Give the data below again exactly as written, but without the pictures.
--- Data section Enclosed Below ---
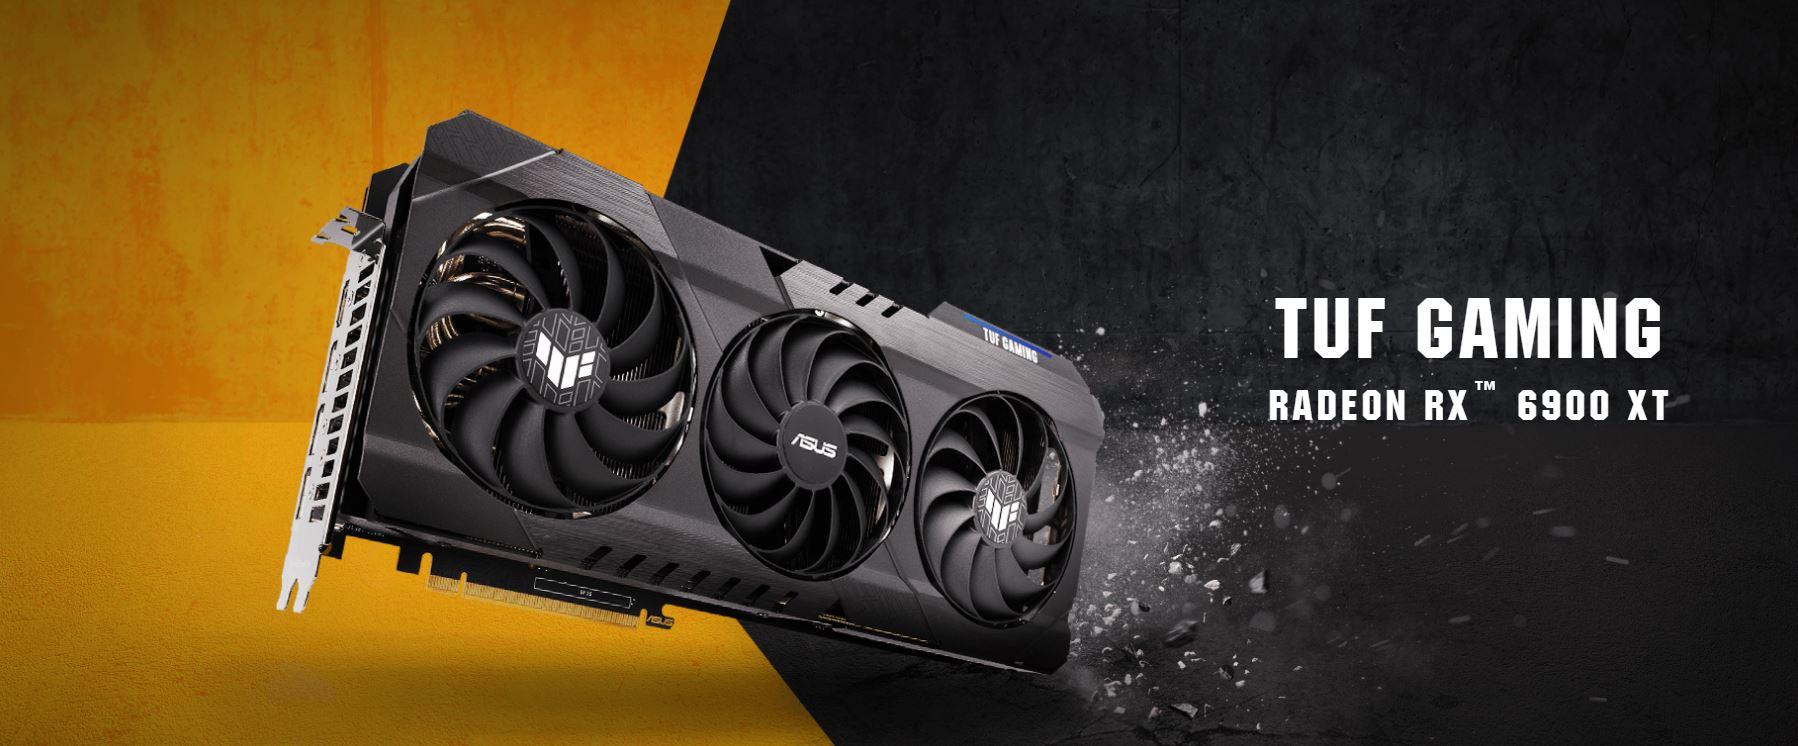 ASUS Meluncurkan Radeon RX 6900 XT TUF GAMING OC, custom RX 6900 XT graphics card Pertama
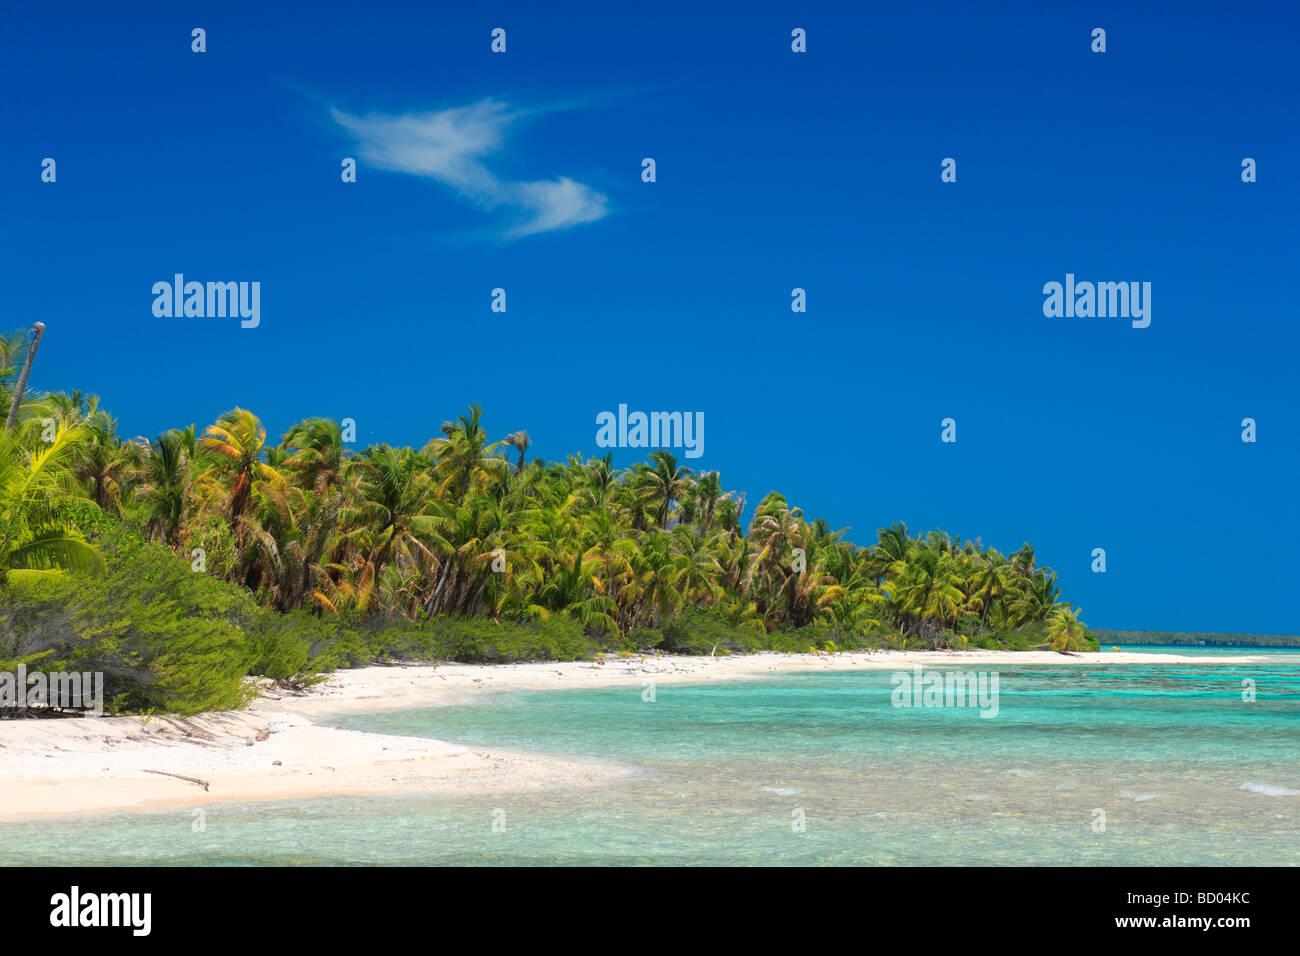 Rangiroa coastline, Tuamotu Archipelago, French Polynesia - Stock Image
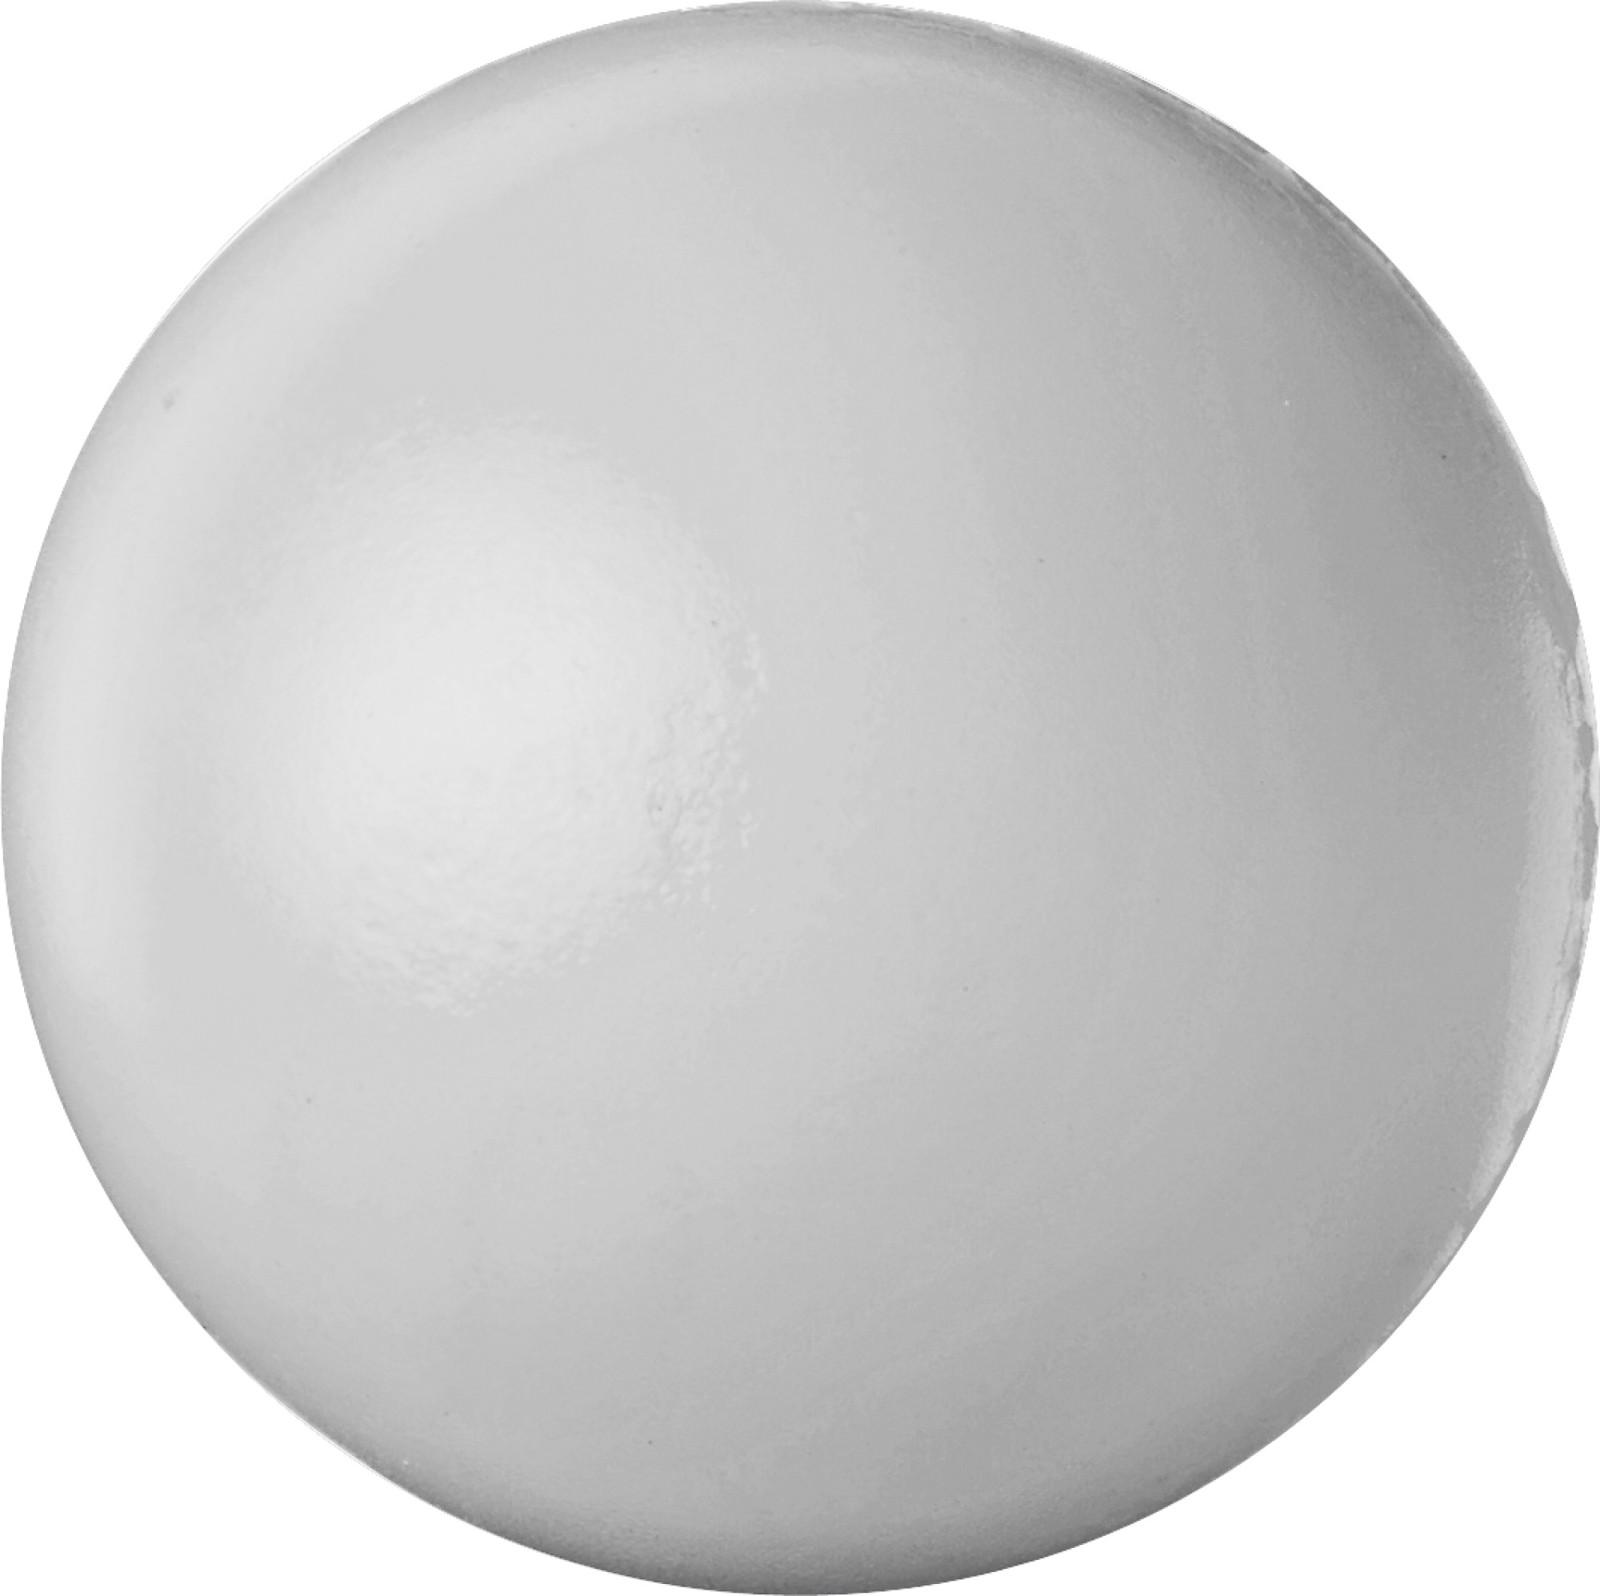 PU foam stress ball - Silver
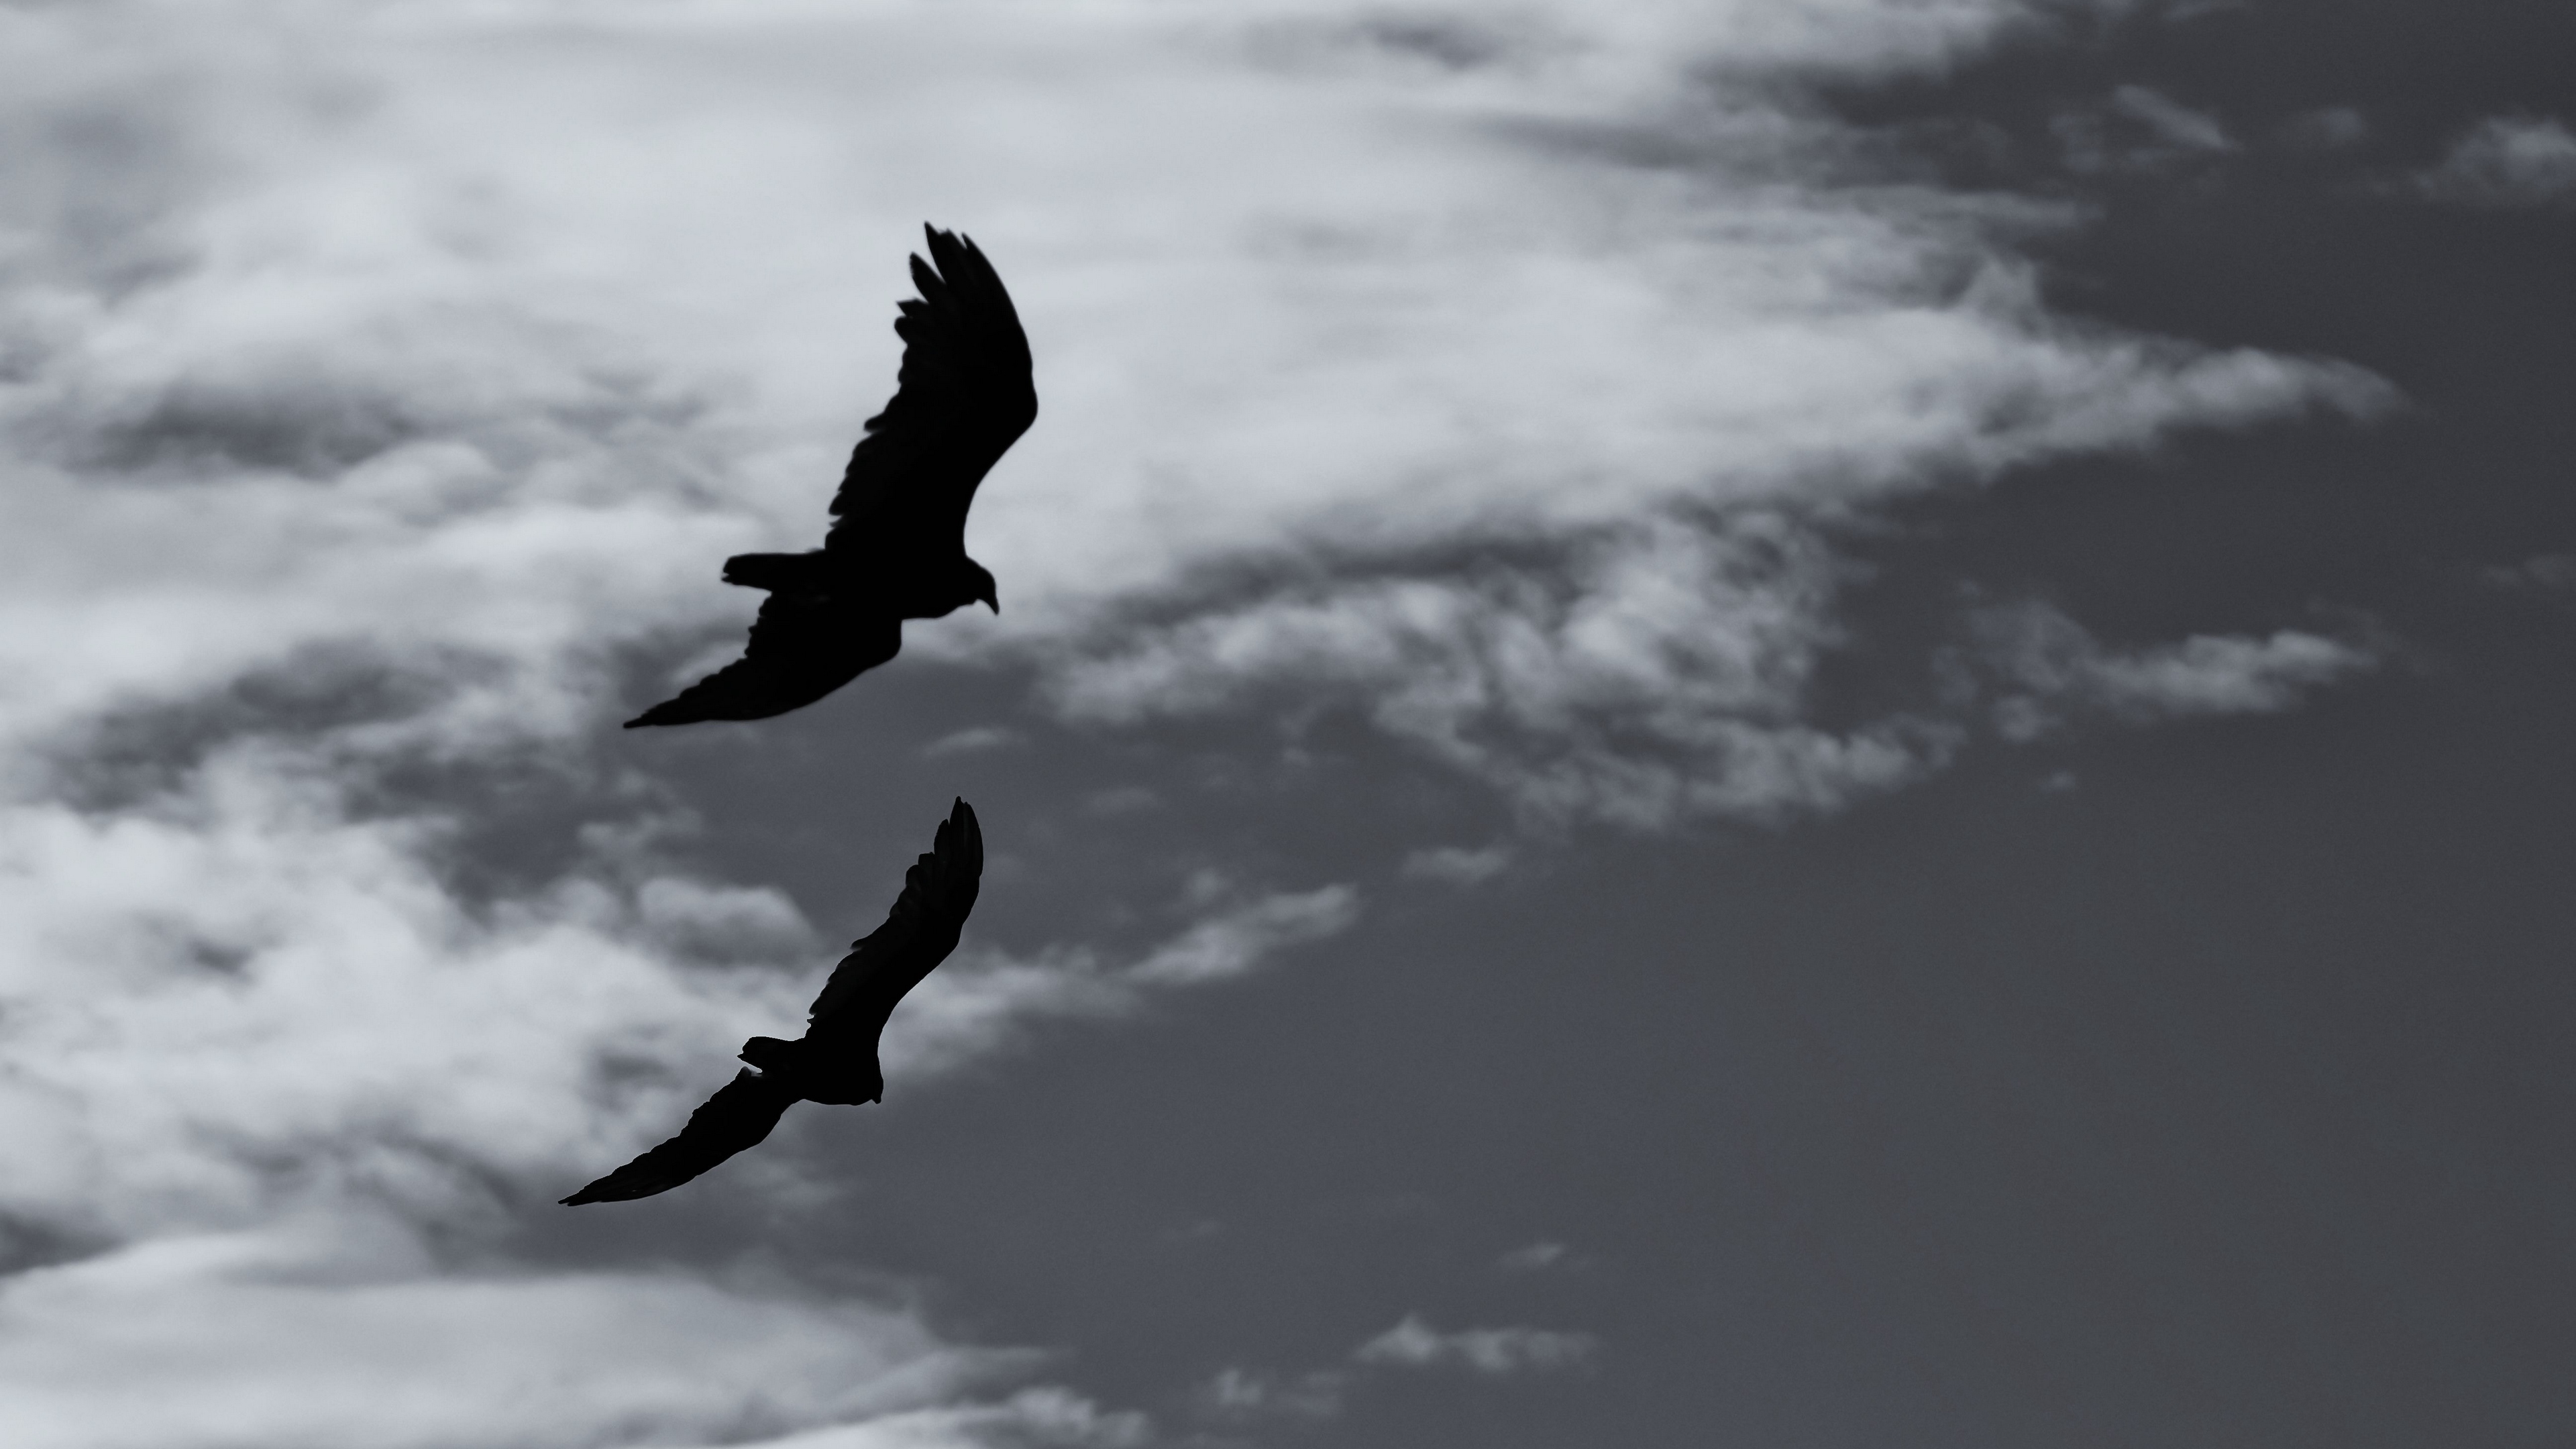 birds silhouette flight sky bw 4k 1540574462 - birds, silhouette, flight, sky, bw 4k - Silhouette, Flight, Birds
--- End of Enclosed Data section ---
• Output of the exercise:
 ASUS Meluncurkan Radeon RX 6900 XT TUF GAMING OC, custom RX 6900 XT graphics card Pertama
 Rangiroa coastline, Tuamotu Archipelago, French Polynesia - Stock Image
 PU foam stress ball - Silver
 birds silhouette flight sky bw 4k 1540574462 - birds, silhouette, flight, sky, bw 4k - Silhouette, Flight, Birds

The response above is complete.